**What this task involves**
Drop the pictures; give again exactly the lines from the one holding "A wide shot" through the end of the data.

**Material provided**
◇ ◇ ◇

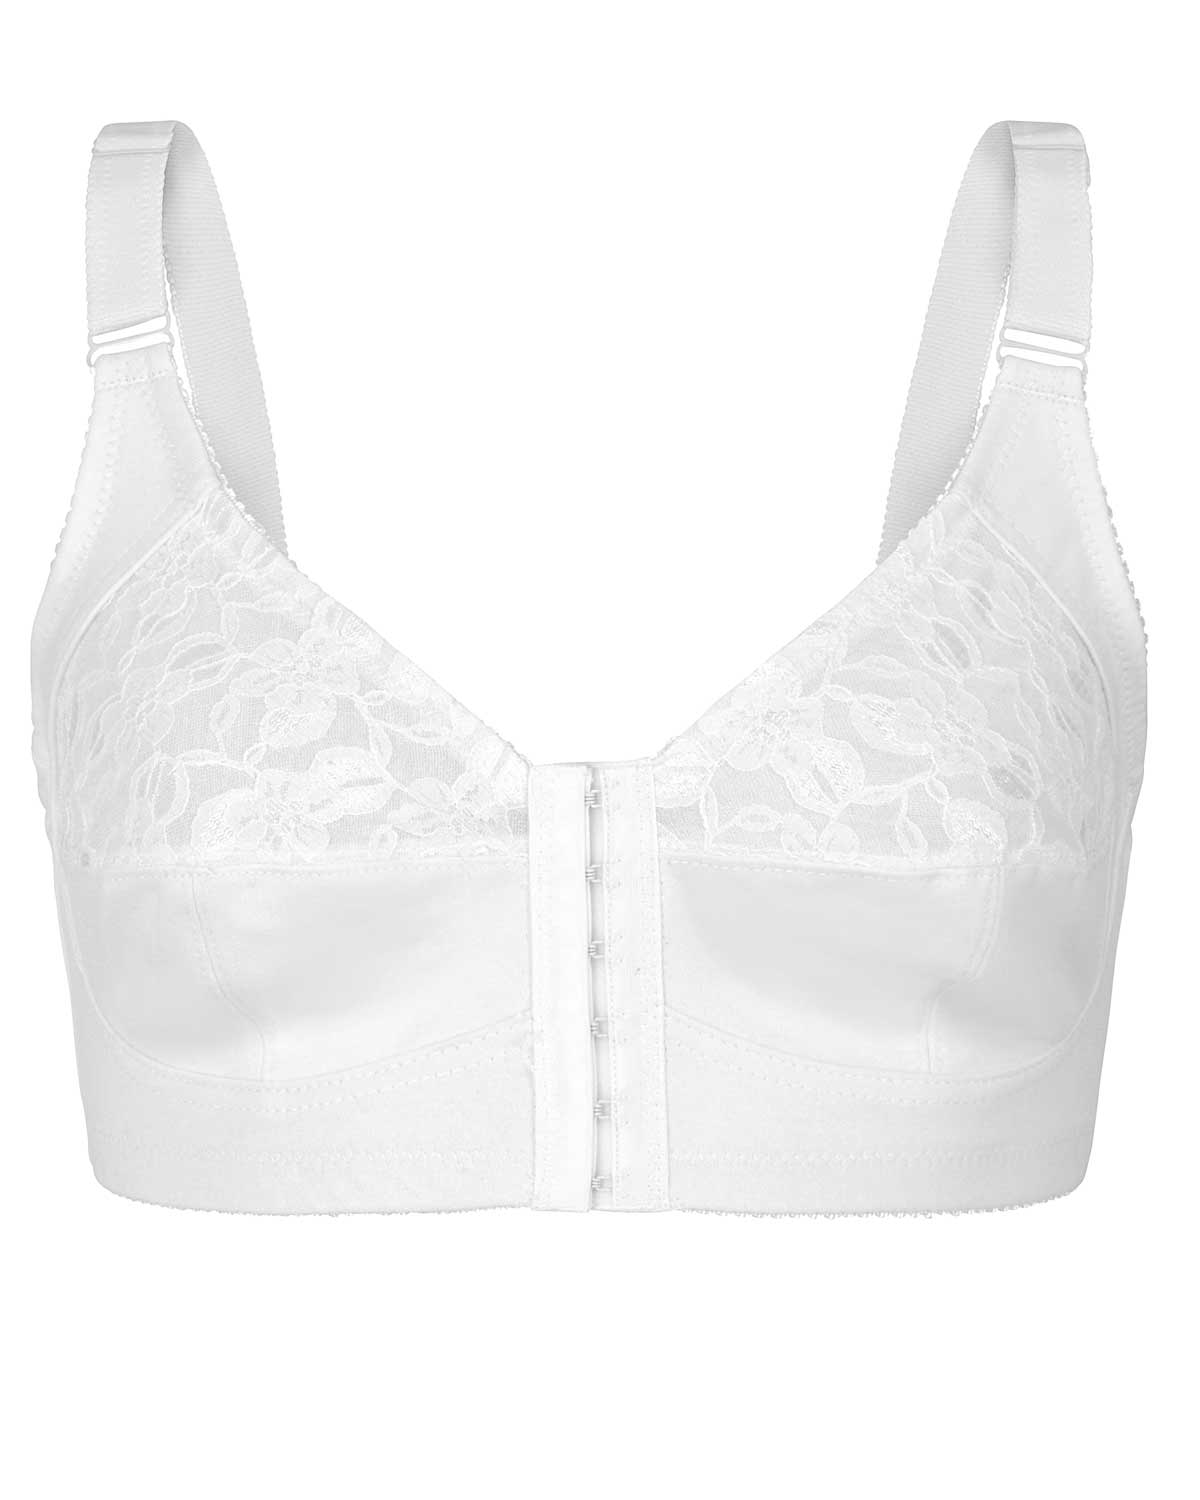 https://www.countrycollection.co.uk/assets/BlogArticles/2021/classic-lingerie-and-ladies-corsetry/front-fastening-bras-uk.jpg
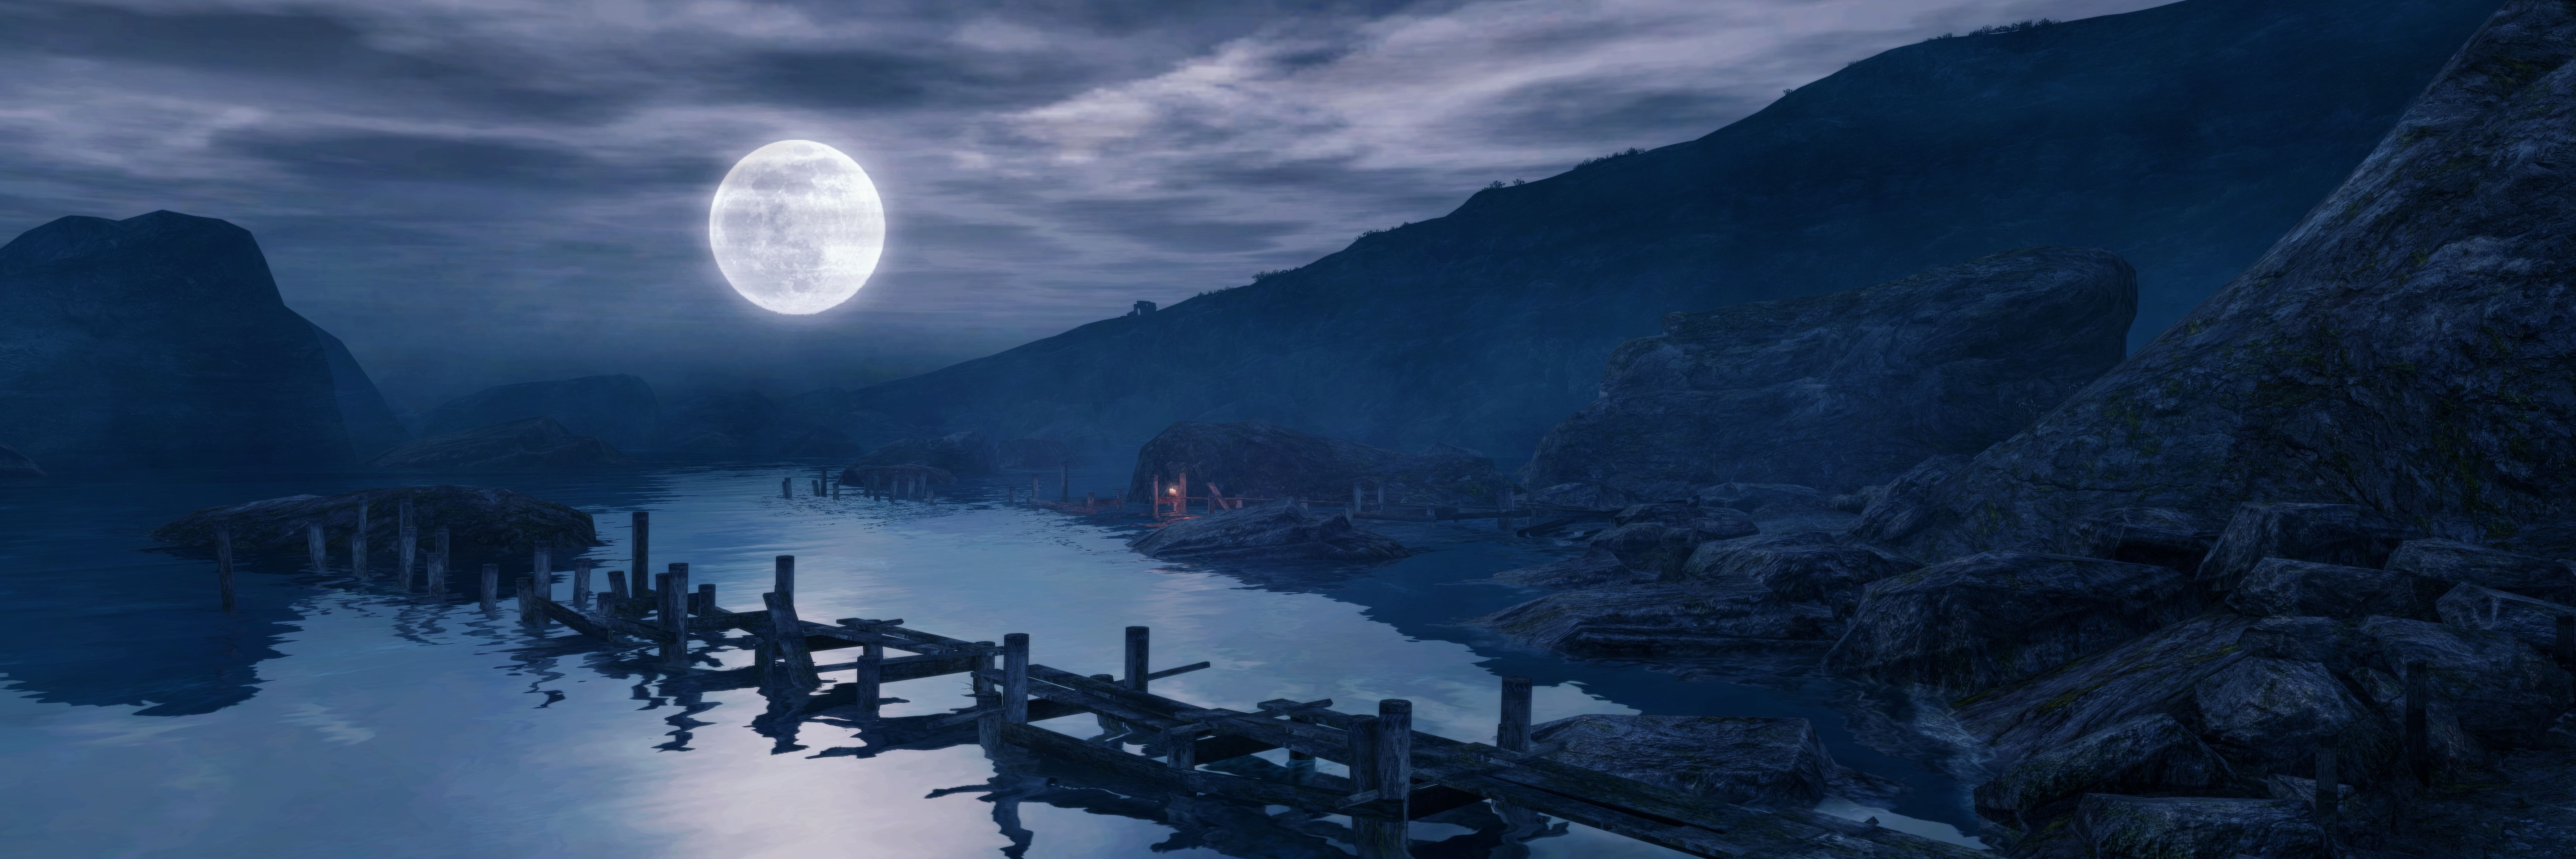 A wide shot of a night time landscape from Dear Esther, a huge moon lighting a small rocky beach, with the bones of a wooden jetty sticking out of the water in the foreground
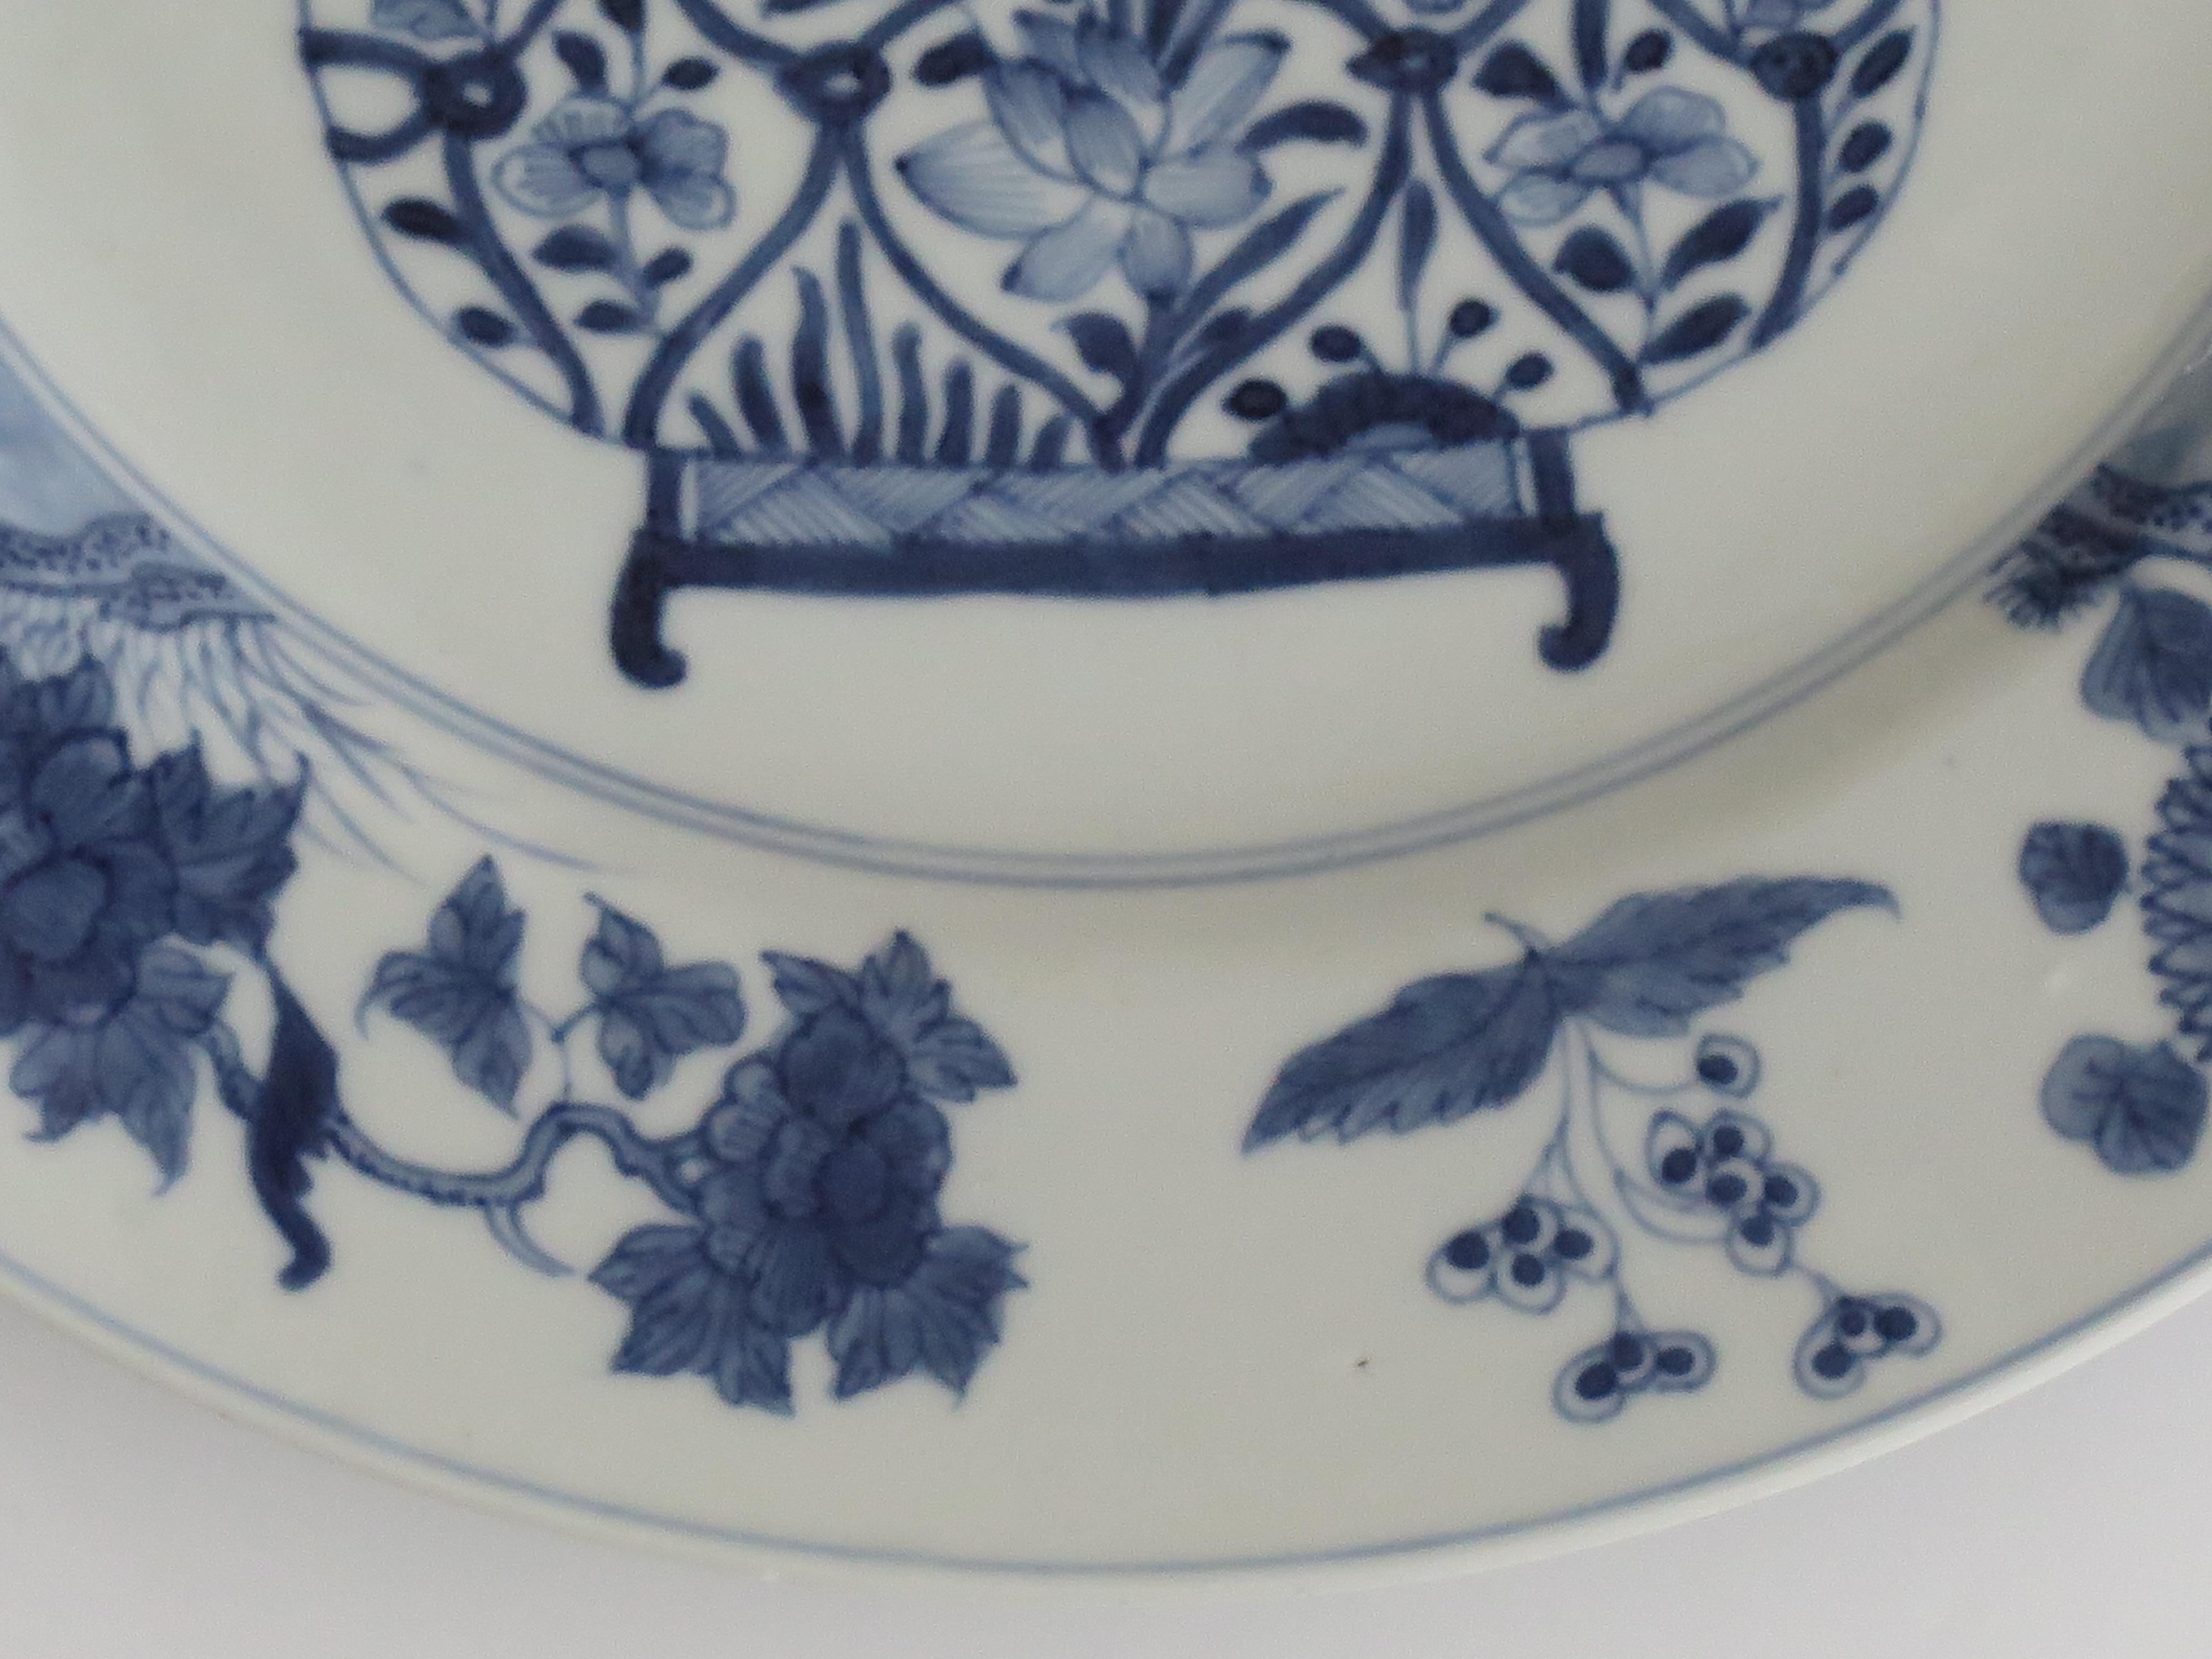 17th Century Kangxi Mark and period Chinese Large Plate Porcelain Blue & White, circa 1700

◇ ◇ ◇

**Solution for this exercise**
 A wide shot of a night time landscape from Dear Esther, a huge moon lighting a small rocky beach, with the bones of a wooden jetty sticking out of the water in the foreground
 17th Century Kangxi Mark and period Chinese Large Plate Porcelain Blue & White, circa 1700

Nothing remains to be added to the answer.